Et puis ils se quittèrent après deux années et demi de grande camaraderie qui semblait avoir duré plus du double.

Kwaak kwaak kwaaak .

L'Attrape-Rêve avait accosté. Ils étaient arrivé sur une île qui paraissait faire la taille d'un monde entier. Pour le moment, l'heure était à la visite mais plus tôt, Kiril avait déjà repéré l'endroit qu'il voulait investir : le point culminant, au dessus de tout, c'était le meilleur positionnement, à priori, s'il voulait construire une habitation. Il se mettait en route et aucun animal ne l'attaqua sur son chemin. Ils étaient faibles, certes, mais surtout, ils avaient senti que l'âme et le cœur de cet homme n'appartenaient déjà plus à ce monde. Effrayés et désolés en même temps, ils décidèrent d'ignorer sa présence et de le laisser en paix.

Kwakwak-kwaaaak !

***


27 Février 1636

Cher amour,

Je voulais te dire que j'ai trouvé la colline cette fois-ci. La bonne. J'y ai construit la maison et que je t'y attends. Tu verras, il y a tout ce que tu voulais dedans. Bee m'a beaucoup aidé. Peut-être trouveras-tu cela étrange mais je crois que je le comprends parfaitement désormais. C'est comme s'il parlait directement à mon cœur.
Les premiers emplacement n'étaient pas les bons comme je te l'ai expliqué. Je te promets que cette fois-ci je ne me suis pas trompé. Alors viens vite me rejoindre.

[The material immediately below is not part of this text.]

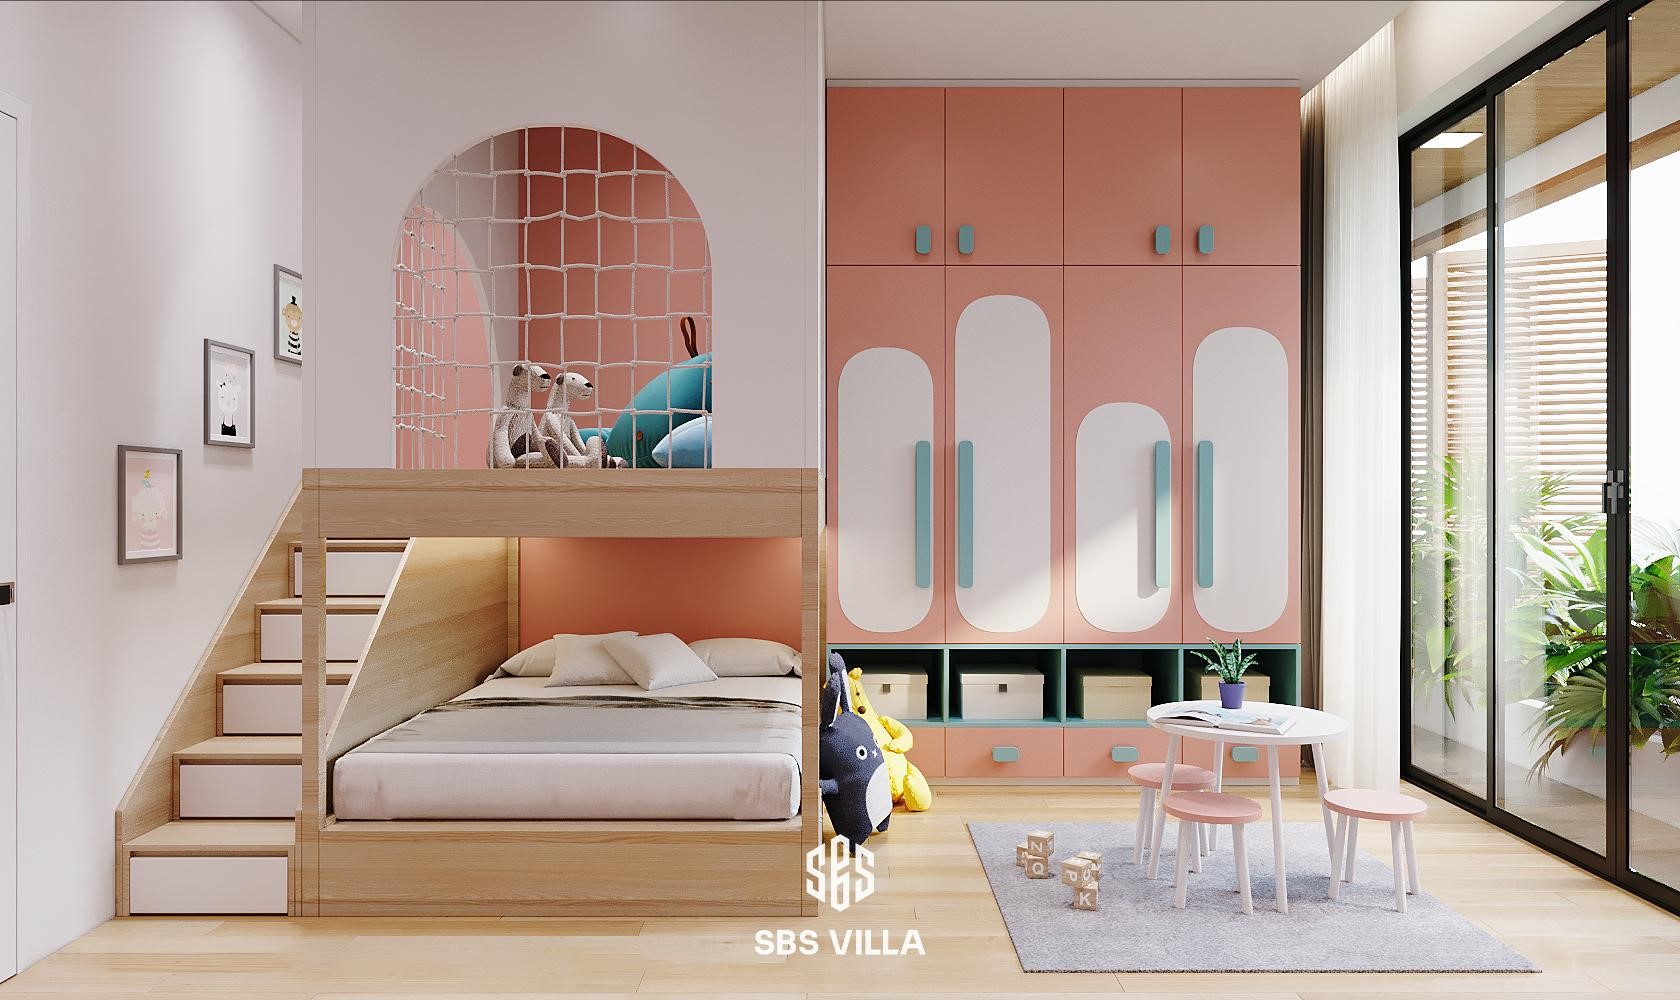 Không gian phòng ngủ cho bé được thiết kế khoa học

J'espère que tout se passe bien à Marie-Joie. Je ne reçois pas les nouvelles ici mais je suppose que tu dois être très occupée avec ton travail. C'est bien normal, n'est pas Végapunk qui veut. J'ai hâte de te revoir mais je saurai être patient. Je sais que tu viendras. C'est seulement que le monde a besoin de toi et de ton travail. D'ici là, je ferai tout pour que tout soit comme dans tes rêves. Tu verras qu'on ne m'appelle pas le meilleur charpentier du monde pour rien.

Je t'embrasse

K

En sept ans, Kiril Jeliev avait accumulé une collection impressionnante de lettres écrites à Lilou. Il lui écrivait peut-être une ou deux fois dans le mois et machinalement il les collait aux murs. Et puis il s'en allait construire d'autres choses, il imaginait des plans pour créer un système de chaleur permanente, pour faire venir l'eau courante et potable, etc. Bee lui apprenait les rudiments de l'ingénierie. Il était heureux de mieux comprendre ce que faisait Lilou lorsqu'elle appartenait aux Red Storms. Des fois, dans ses lettres, il lui expliquait ce qu'il avait appris, essayait de faire des plans de navires avec ce qu'il appelait "cette nouvelle technologie." Et le reste du temps, ignoré de toutes les formes de vie de l'Île qui le prenait pour une âme perdue, il reprenait la construction d'un bateau encore plus incroyable que le Kultuur des Saigneurs des Mers. Il savait que plus qu'ambitieux, son projet était impossible à achever tout seul. Ce n'était pas grave. Il avait accepté de mourir sans voir sa dernière création prendre vie. Il s'imaginait les bateaux qu'il avait construit naviguer sur les Blues, sur Grand Line, sur les mers du Nouveau Monde.

Kiril ne cesserait jamais complètement d'exister.